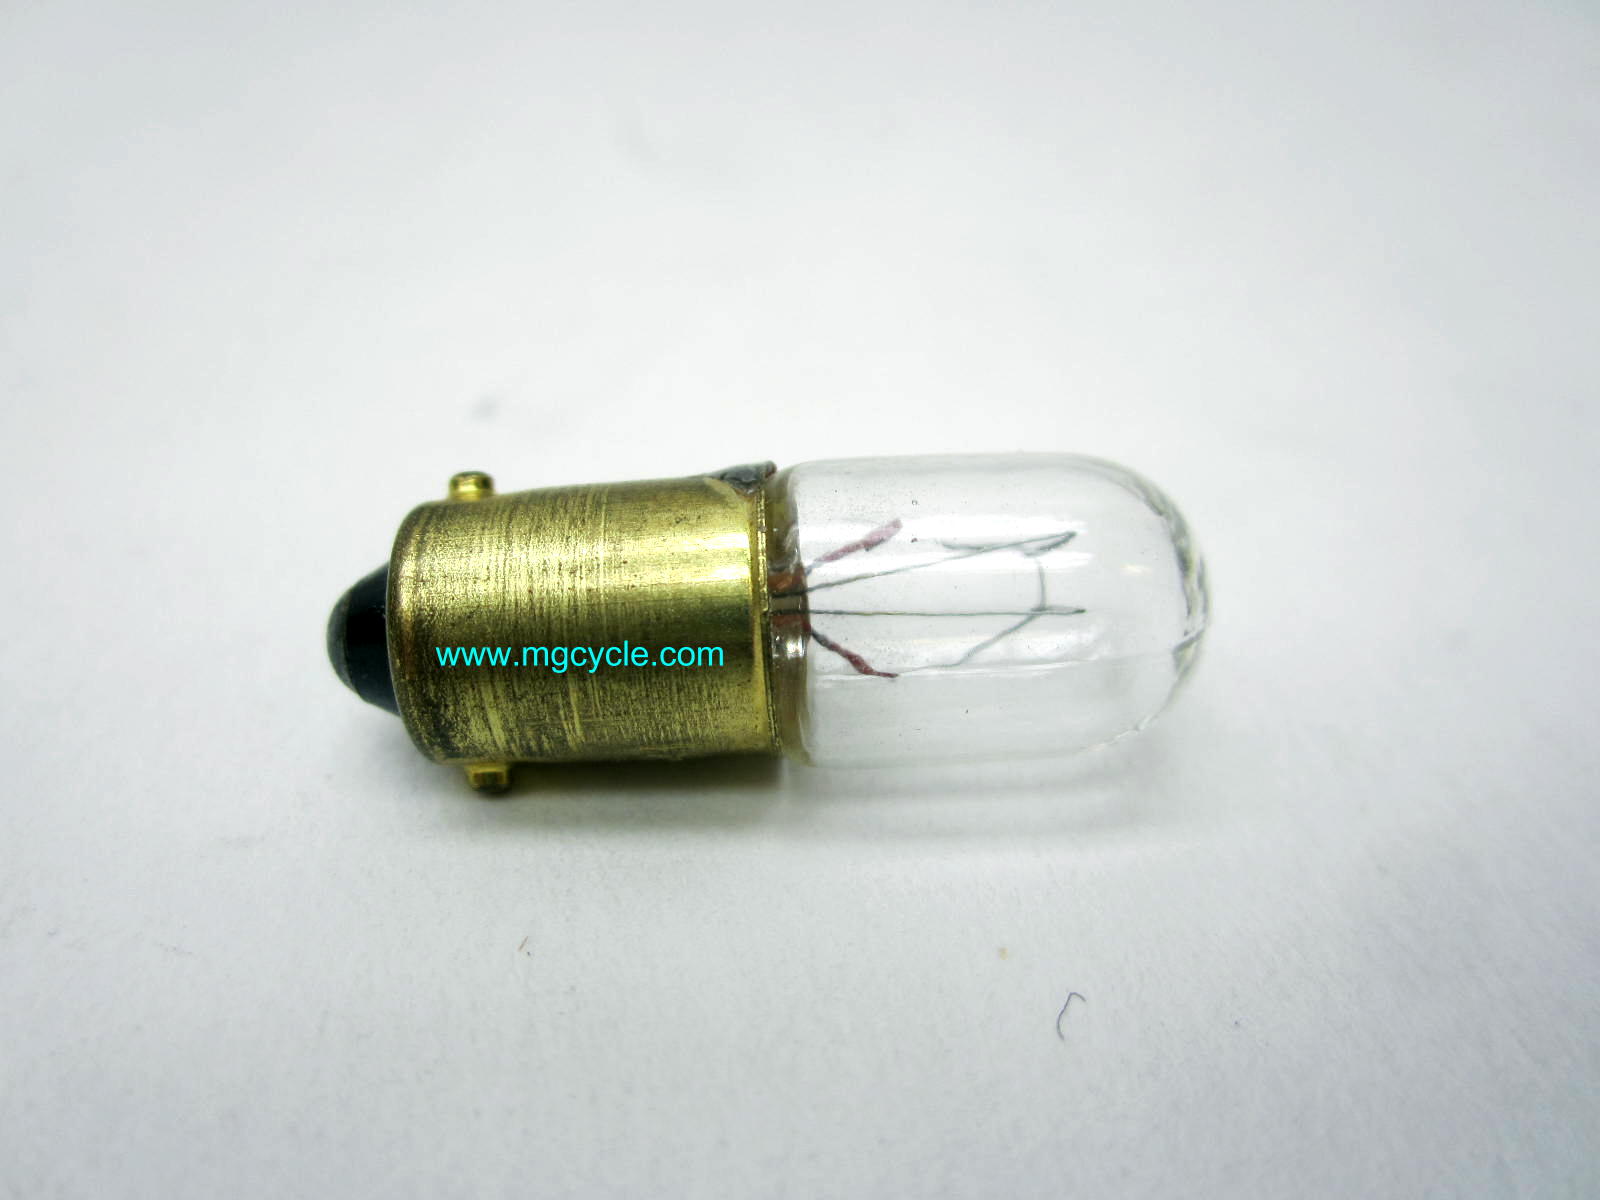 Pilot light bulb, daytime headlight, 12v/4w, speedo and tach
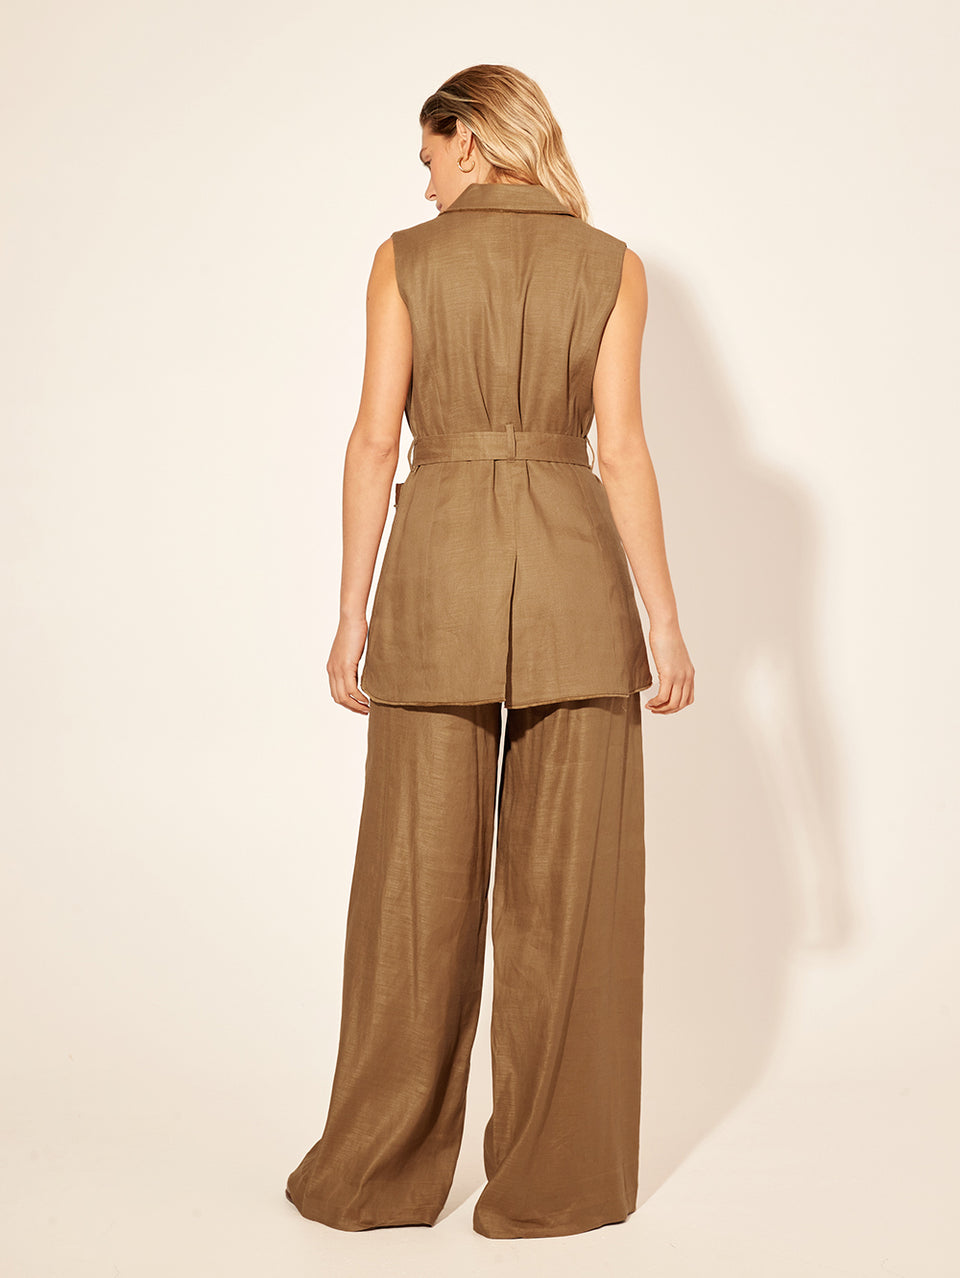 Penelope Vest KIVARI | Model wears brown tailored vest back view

|---|

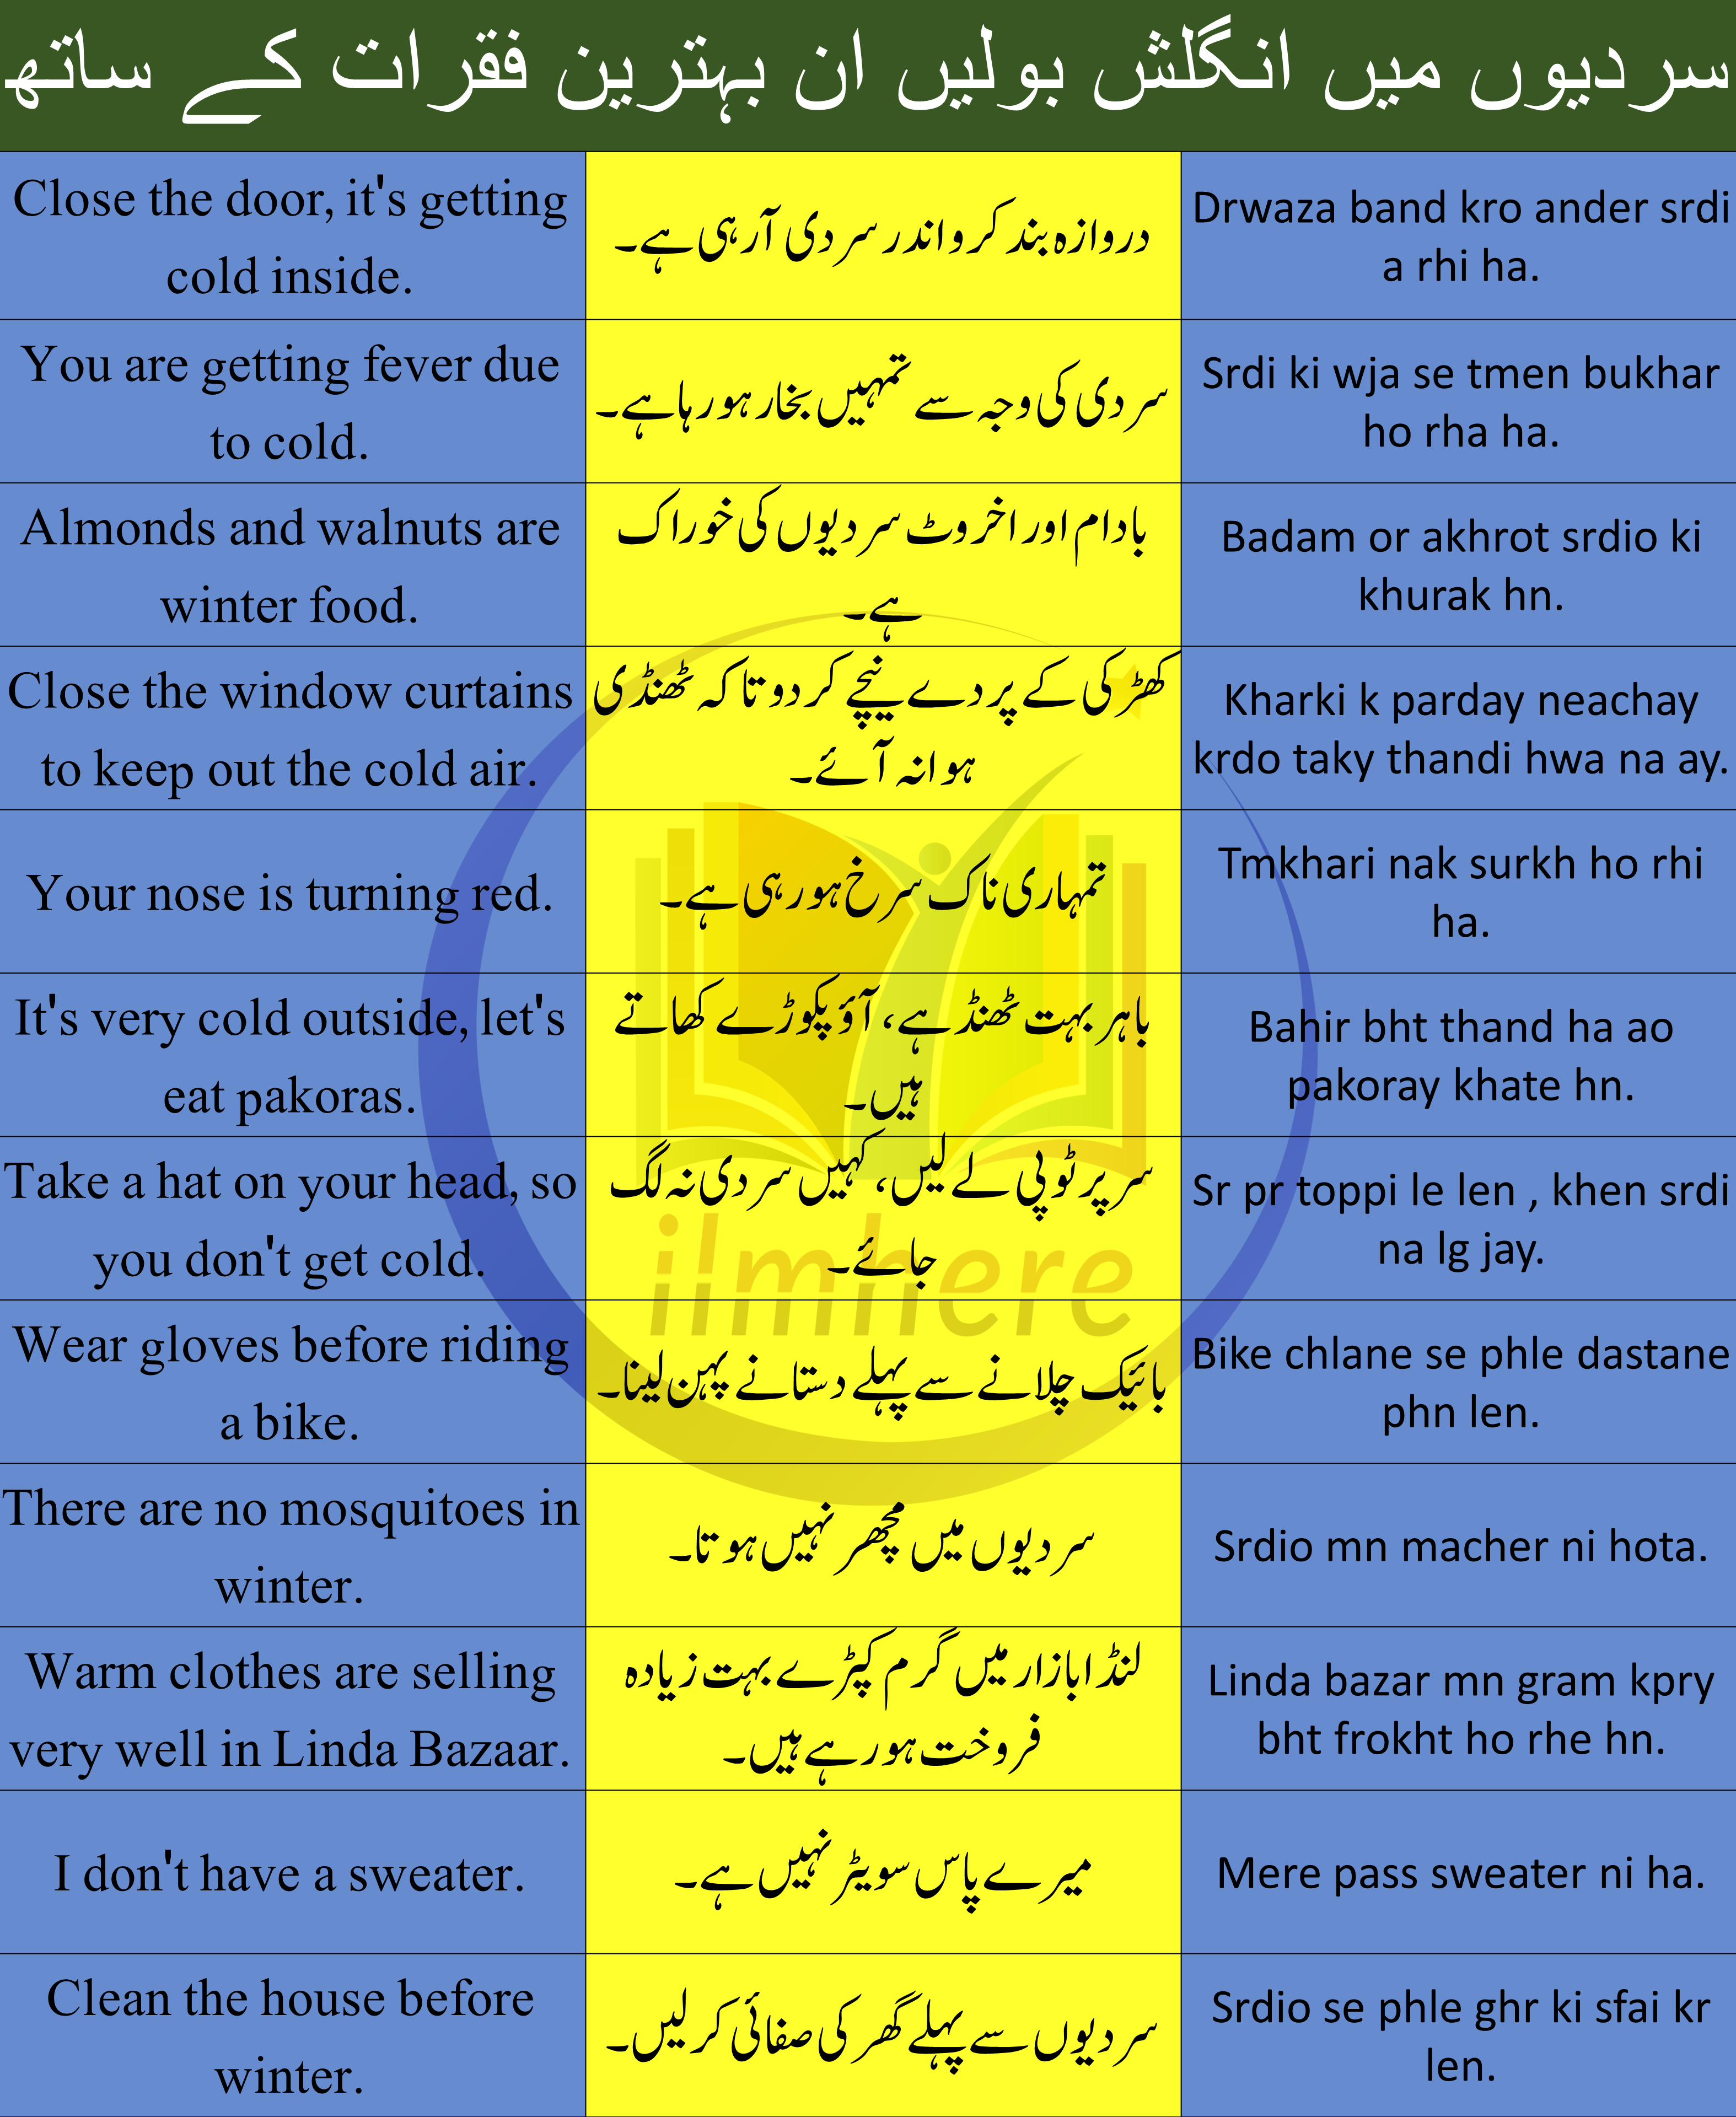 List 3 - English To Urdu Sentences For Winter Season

|---|

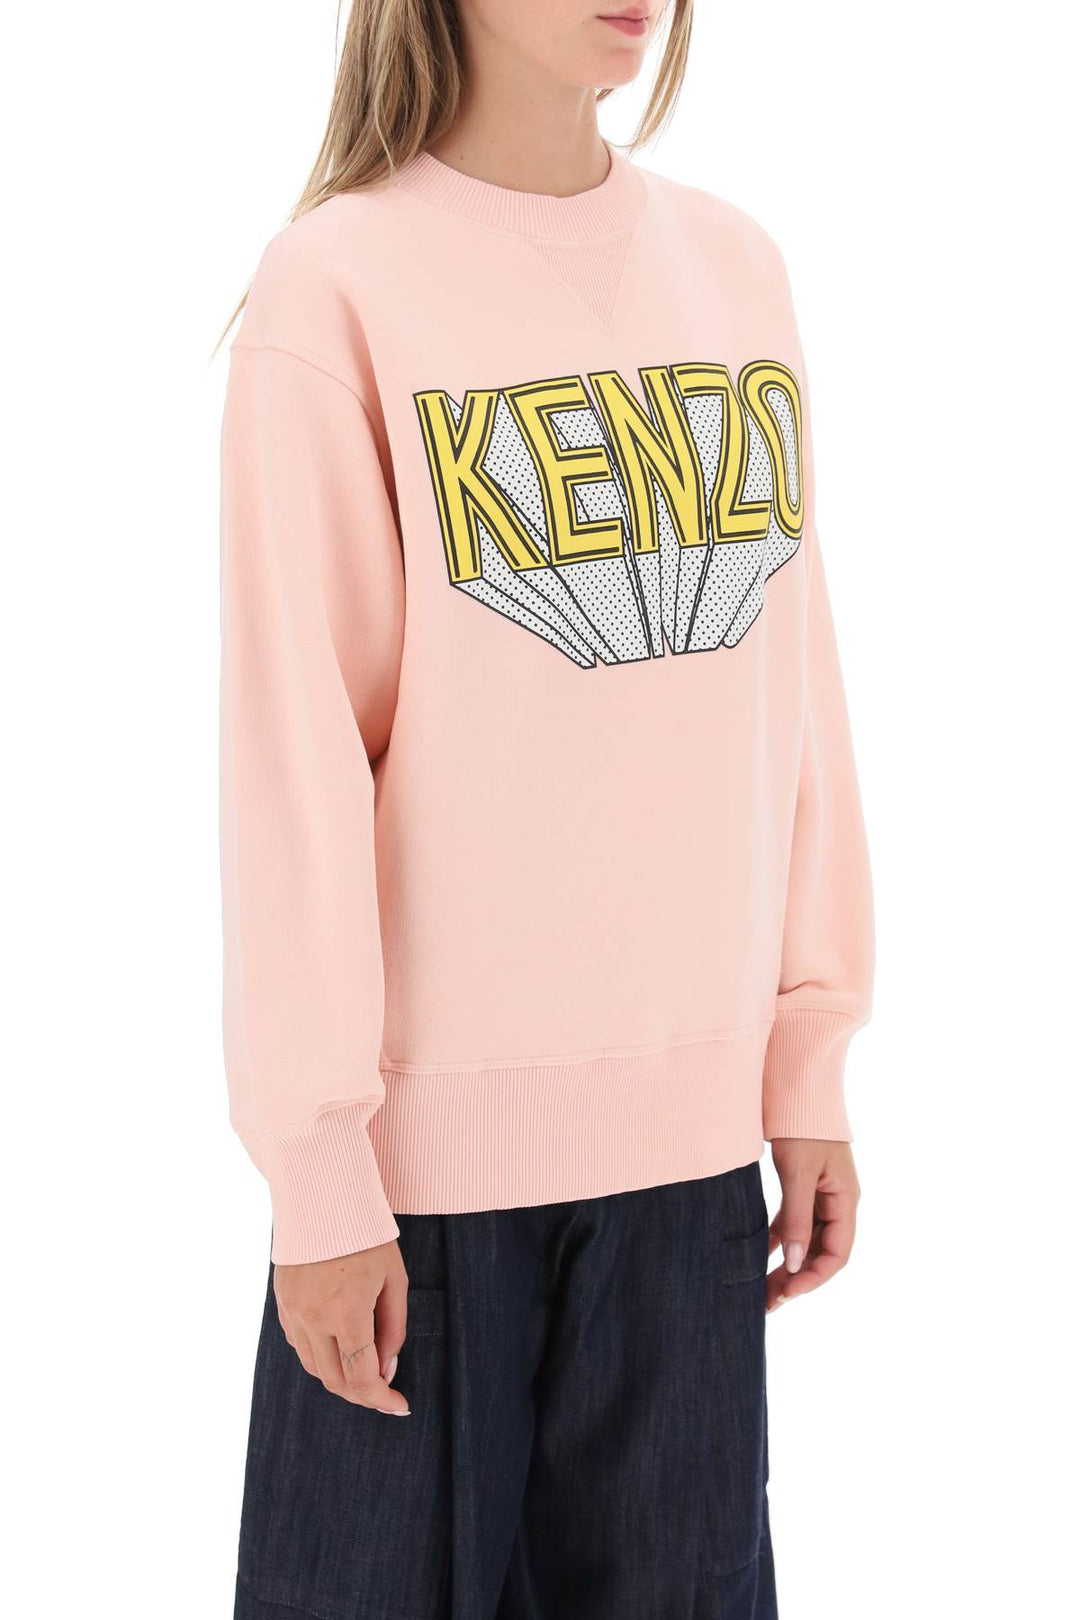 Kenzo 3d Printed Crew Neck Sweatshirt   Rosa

|---|

■ **BRIEF**
Using the entries above, repeat exactly the lines from the one with "Pilot light bulb, daytime" to the one with "Penelope Vest KIVARI", both included, and leave the pictures behind.

■ **SOLUTION BELOW**
 Pilot light bulb, daytime headlight, 12v/4w, speedo and tach
 Penelope Vest KIVARI | Model wears brown tailored vest back view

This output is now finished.